From the line with "COMRADE KIM GOES" to the line with "Kitchen at Spectrum on Spring Apartment", output every line below exactly, both ends included. Skip the pictures.

> _INFORMATION GIVEN_

##############################

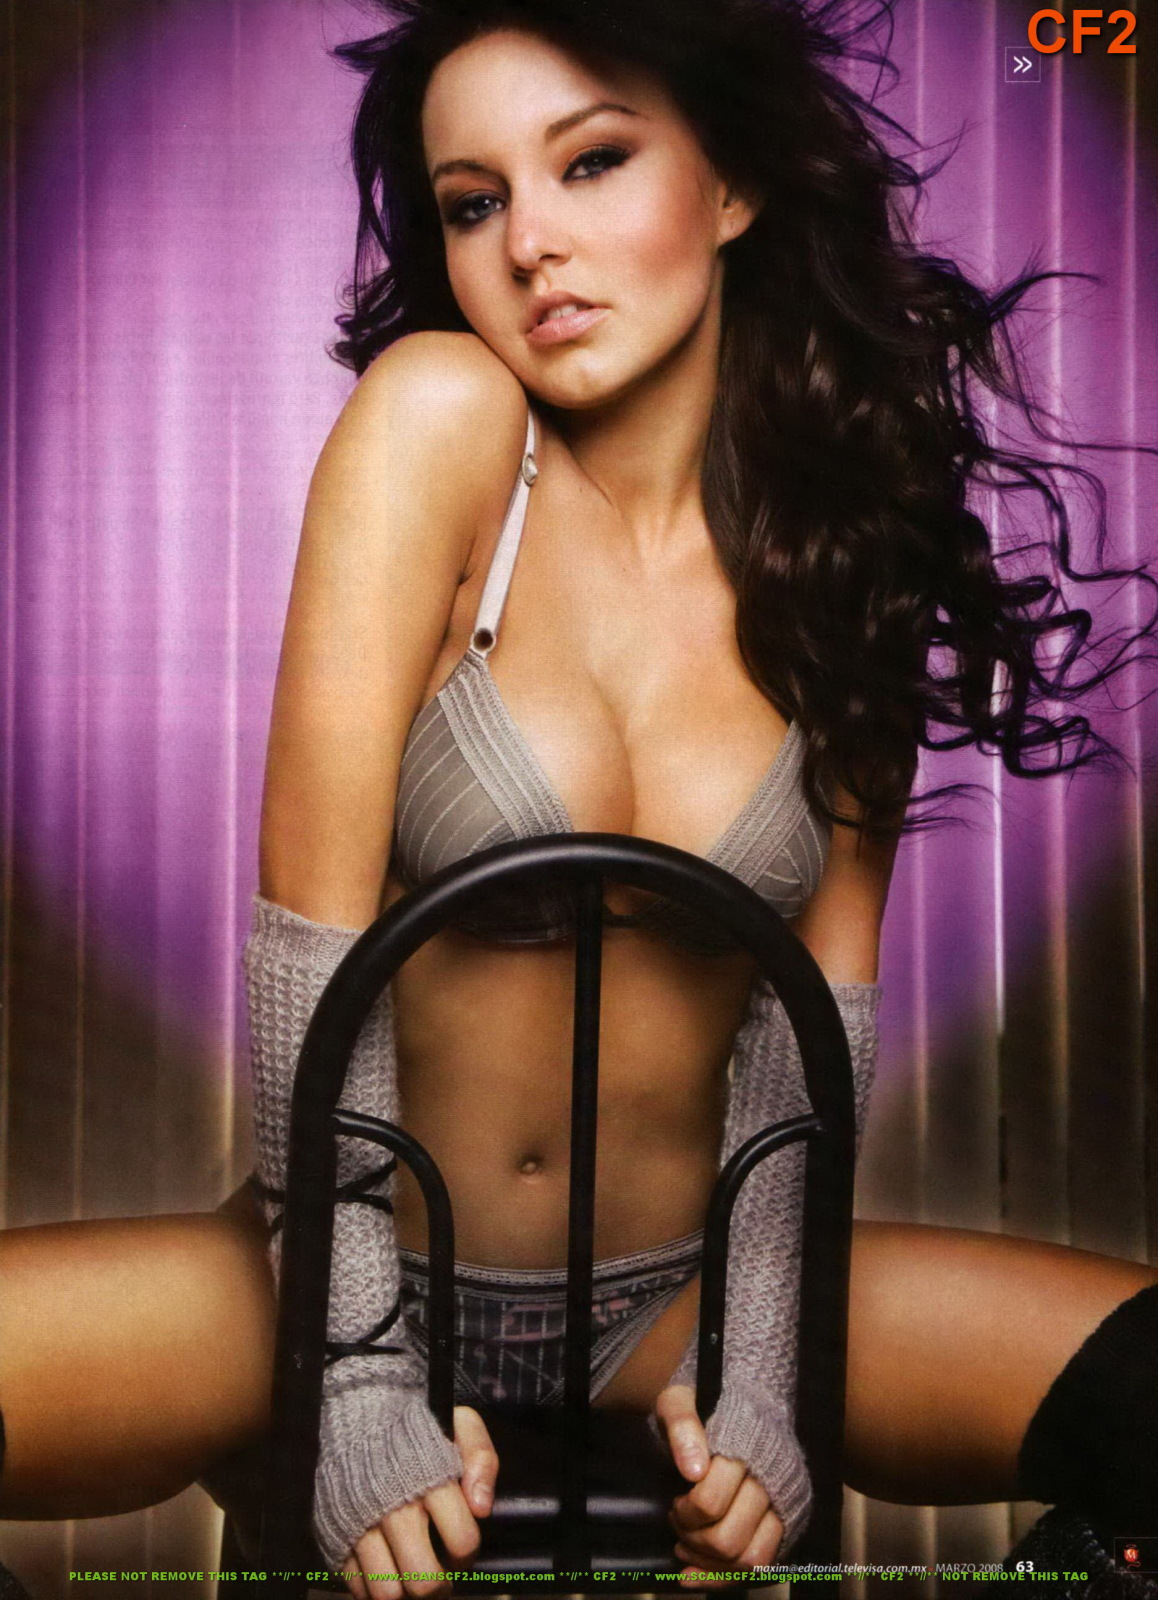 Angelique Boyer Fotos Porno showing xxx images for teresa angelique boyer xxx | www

##############################

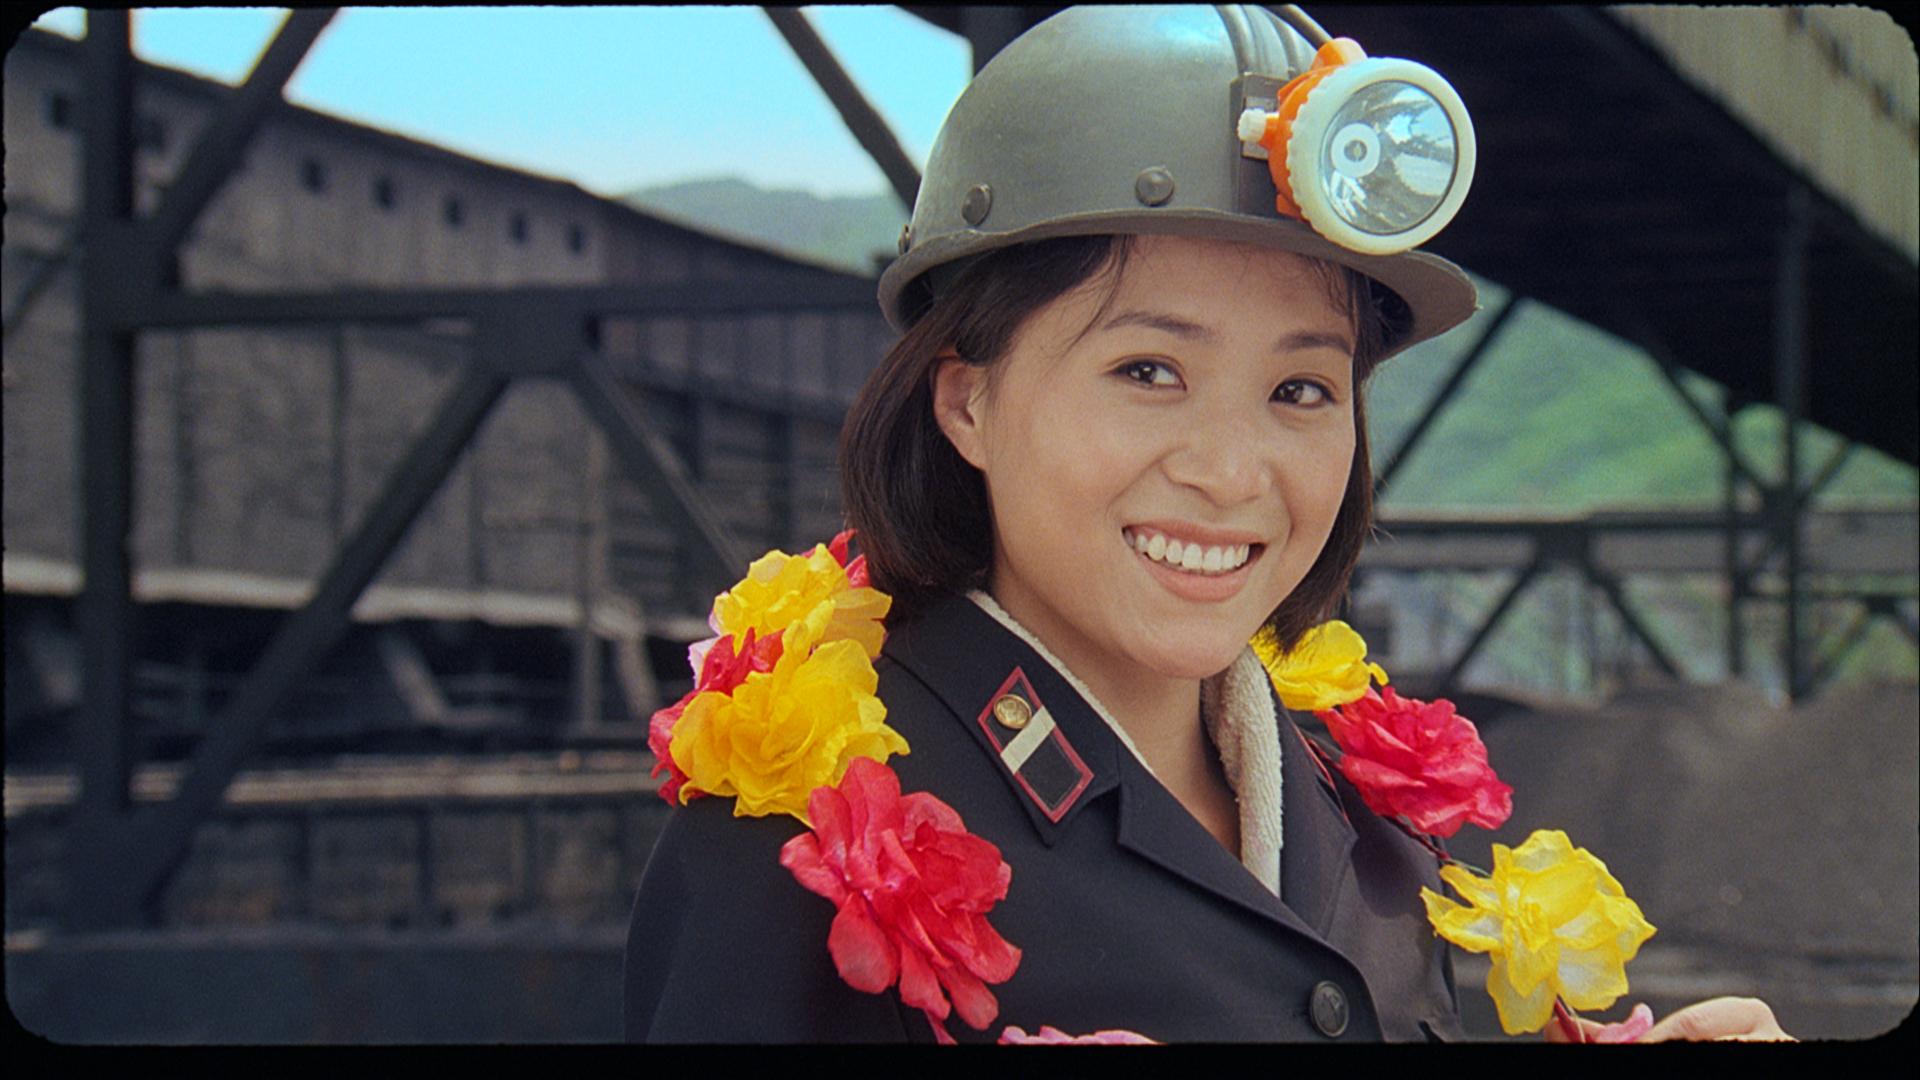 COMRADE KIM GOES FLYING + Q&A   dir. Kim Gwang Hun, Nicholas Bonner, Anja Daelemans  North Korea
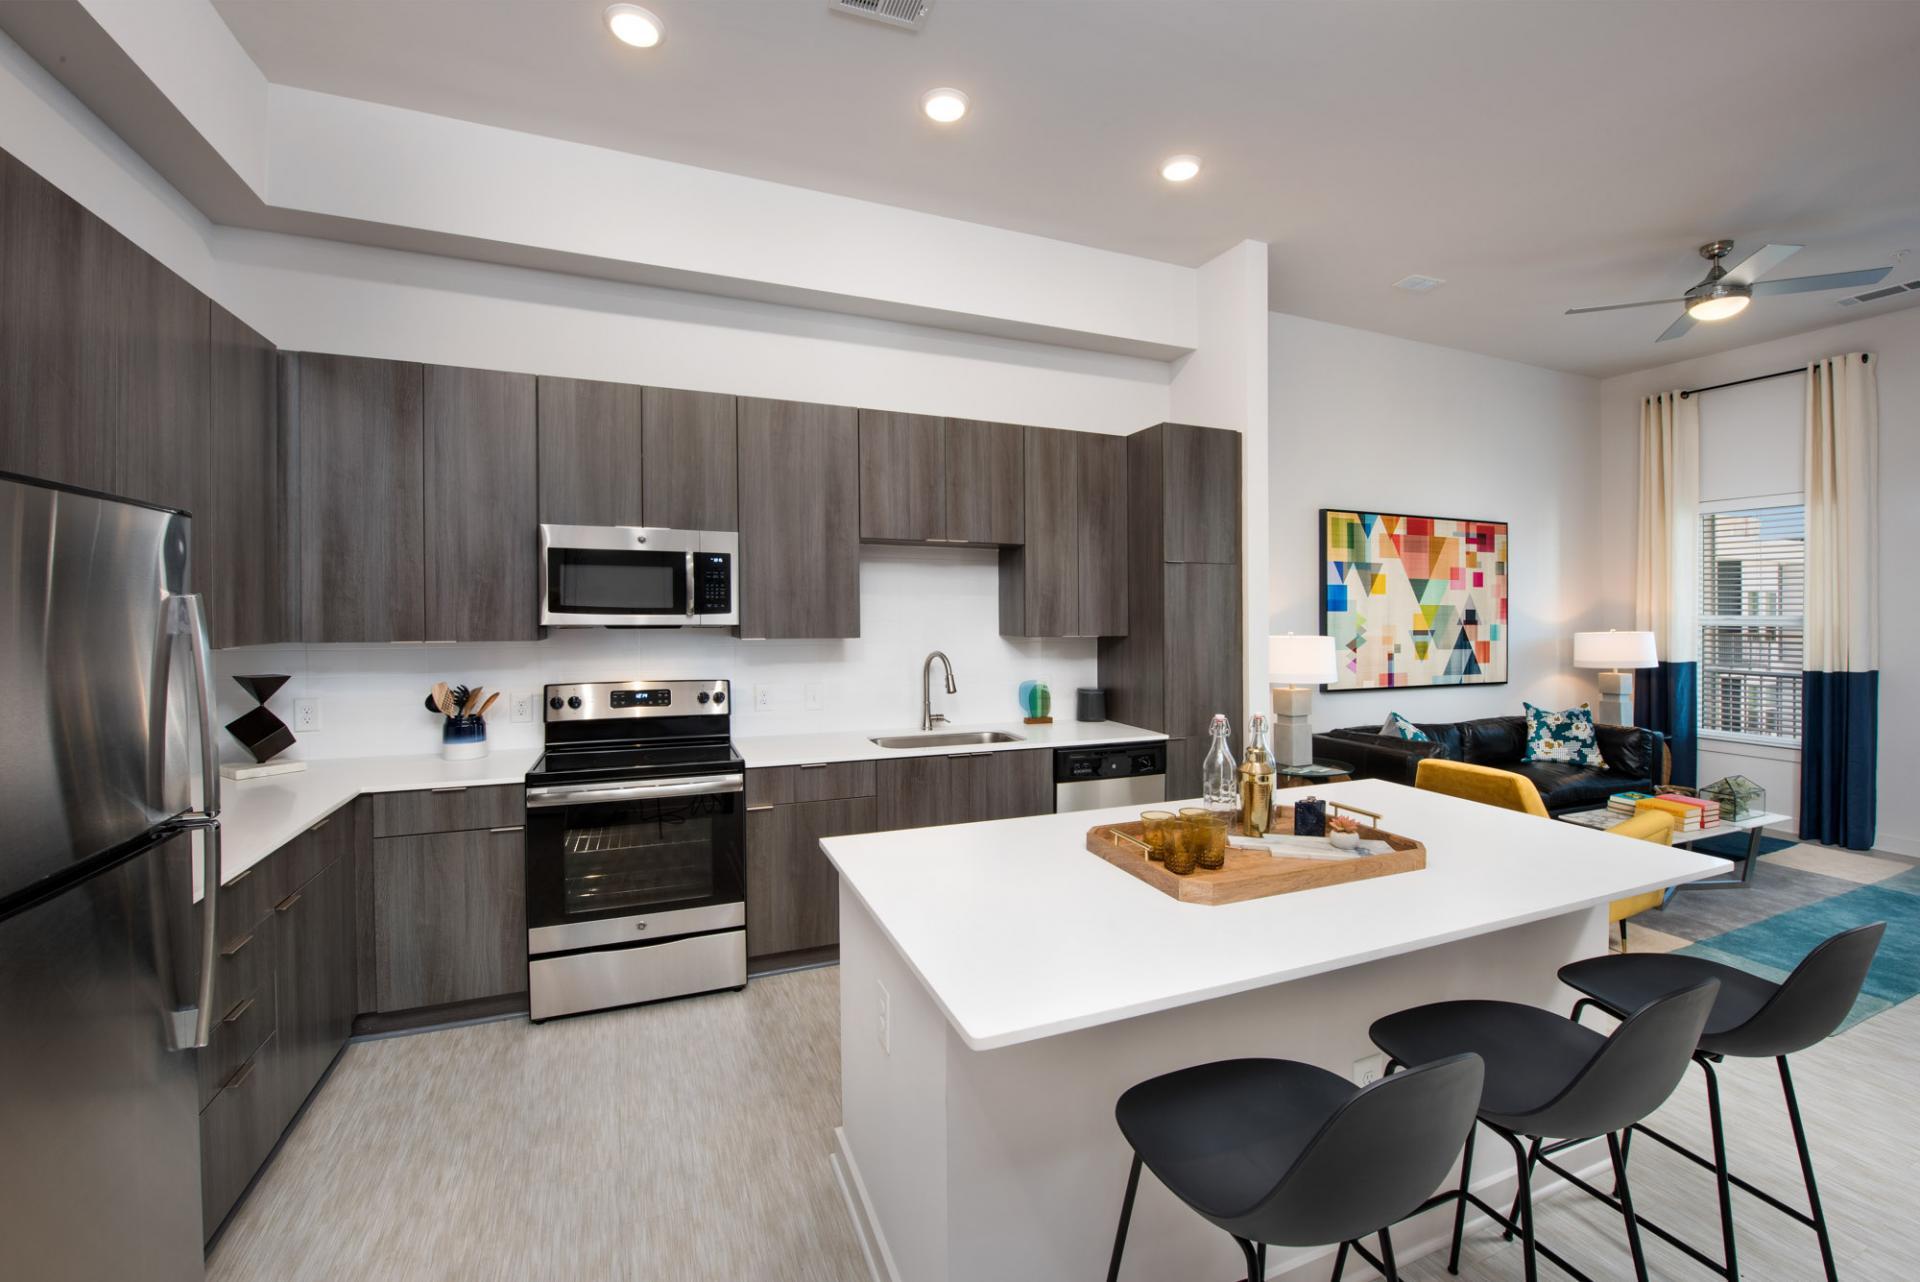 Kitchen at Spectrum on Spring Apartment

##############################

> _SOLUTION TO THIS TASK_
 COMRADE KIM GOES FLYING + Q&A   dir. Kim Gwang Hun, Nicholas Bonner, Anja Daelemans  North Korea
 Kitchen at Spectrum on Spring Apartment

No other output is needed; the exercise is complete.